Data in this exercise:
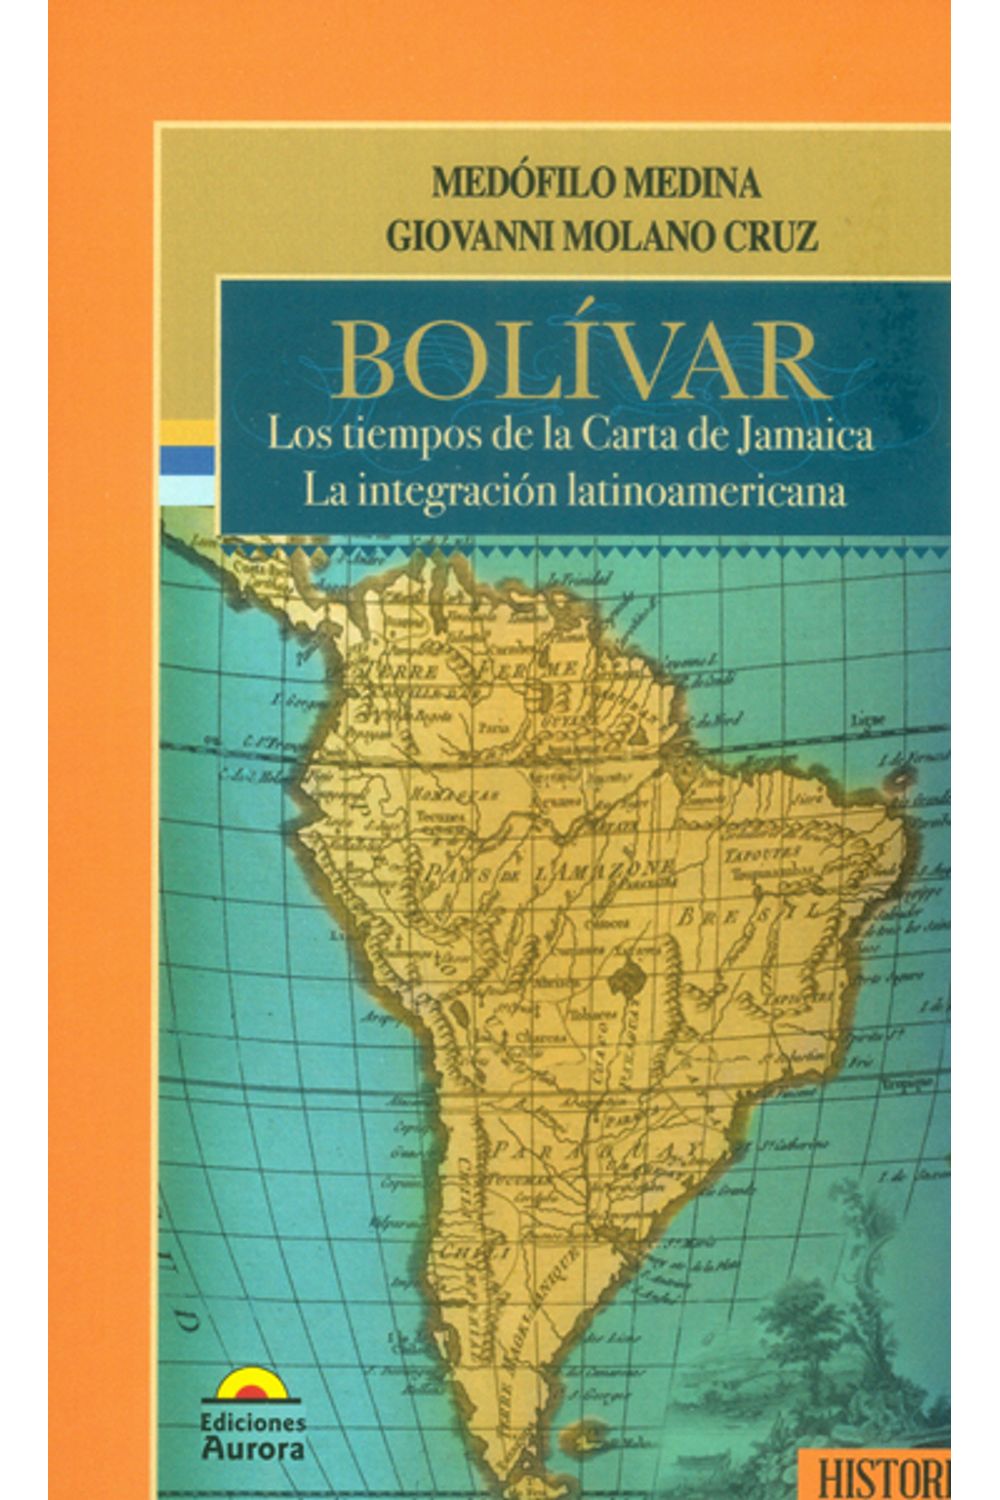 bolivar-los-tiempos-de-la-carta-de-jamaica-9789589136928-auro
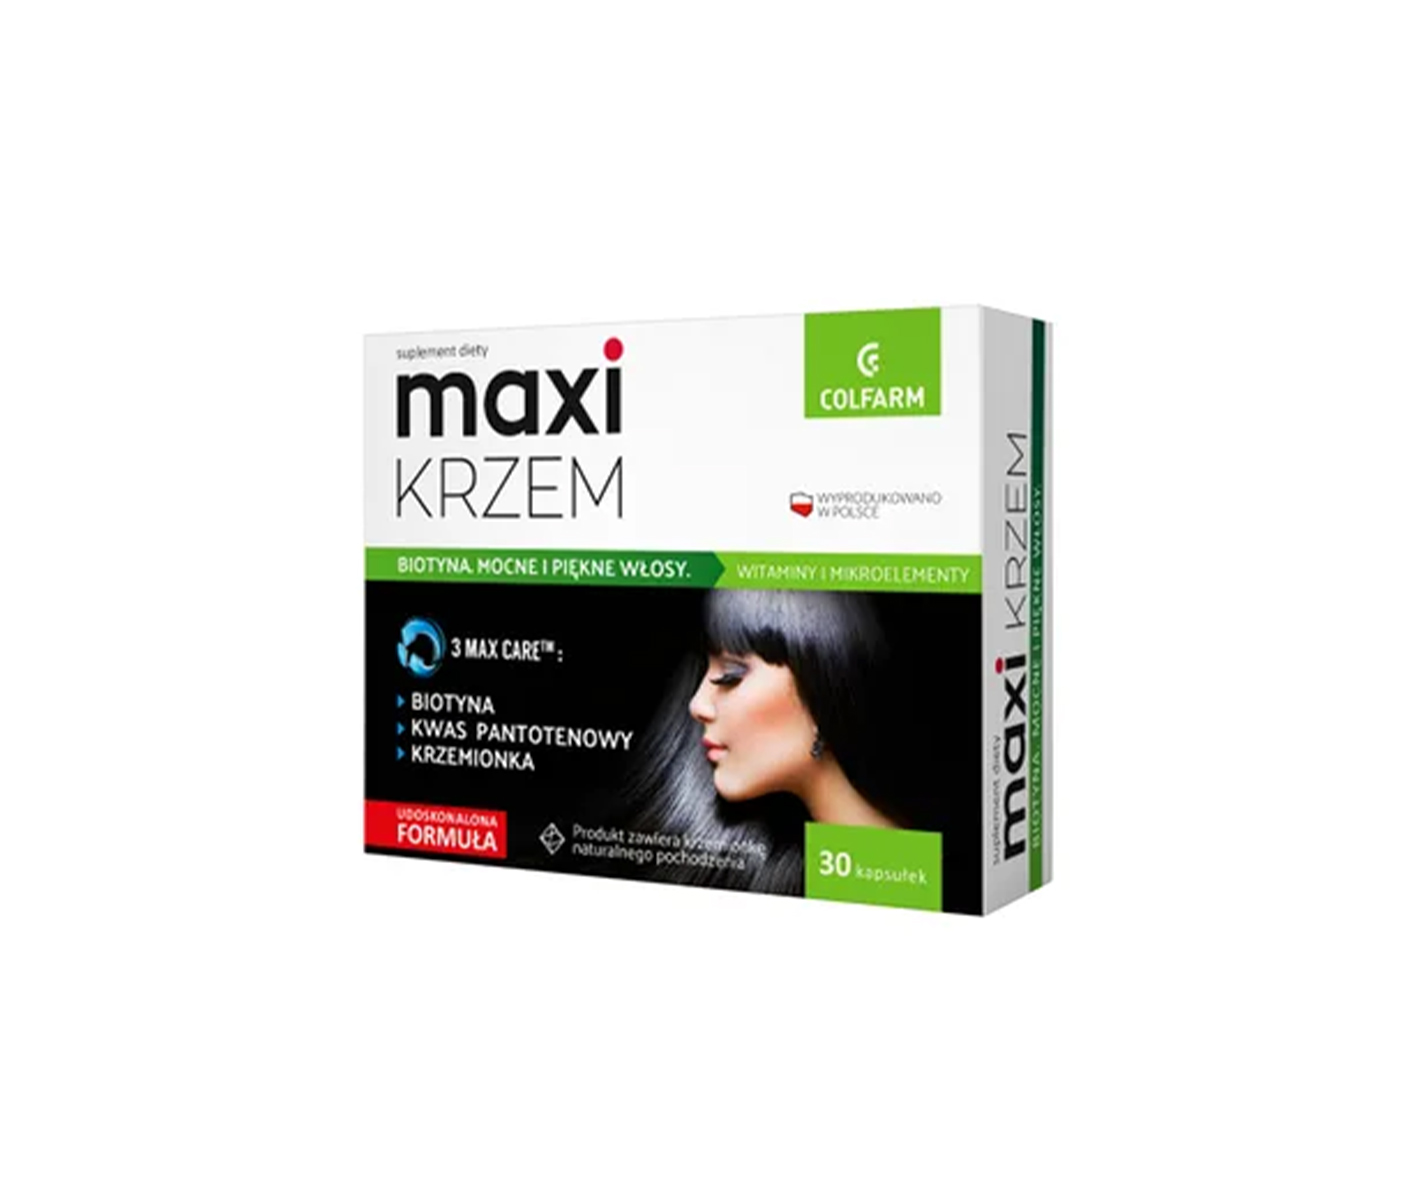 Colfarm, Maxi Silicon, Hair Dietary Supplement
---
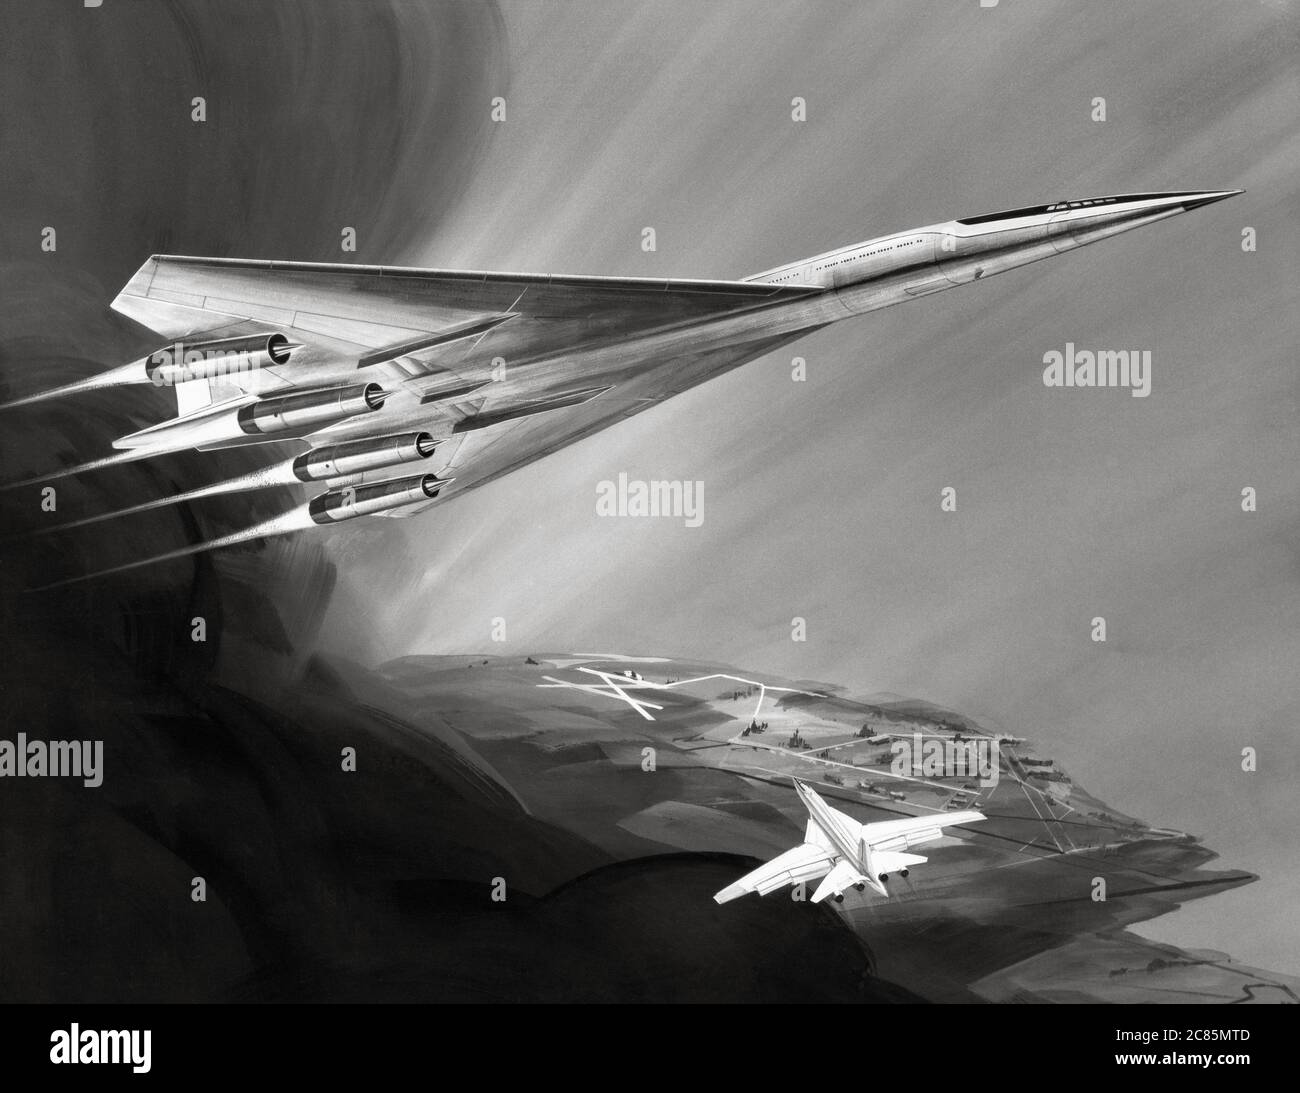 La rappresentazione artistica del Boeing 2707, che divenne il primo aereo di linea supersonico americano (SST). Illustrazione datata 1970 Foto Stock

Work instructions:
Above are some records; quote exactly and only the lines that begin at the line containing "bolivar-los-tiempos-de-la-carta-de-jamaica-9789589136928-auro" and stop after the line containing "Colfarm, Maxi Silicon, Hair", leaving out the pictures.

Result of the exercise:
 bolivar-los-tiempos-de-la-carta-de-jamaica-9789589136928-auro
 Colfarm, Maxi Silicon, Hair Dietary Supplement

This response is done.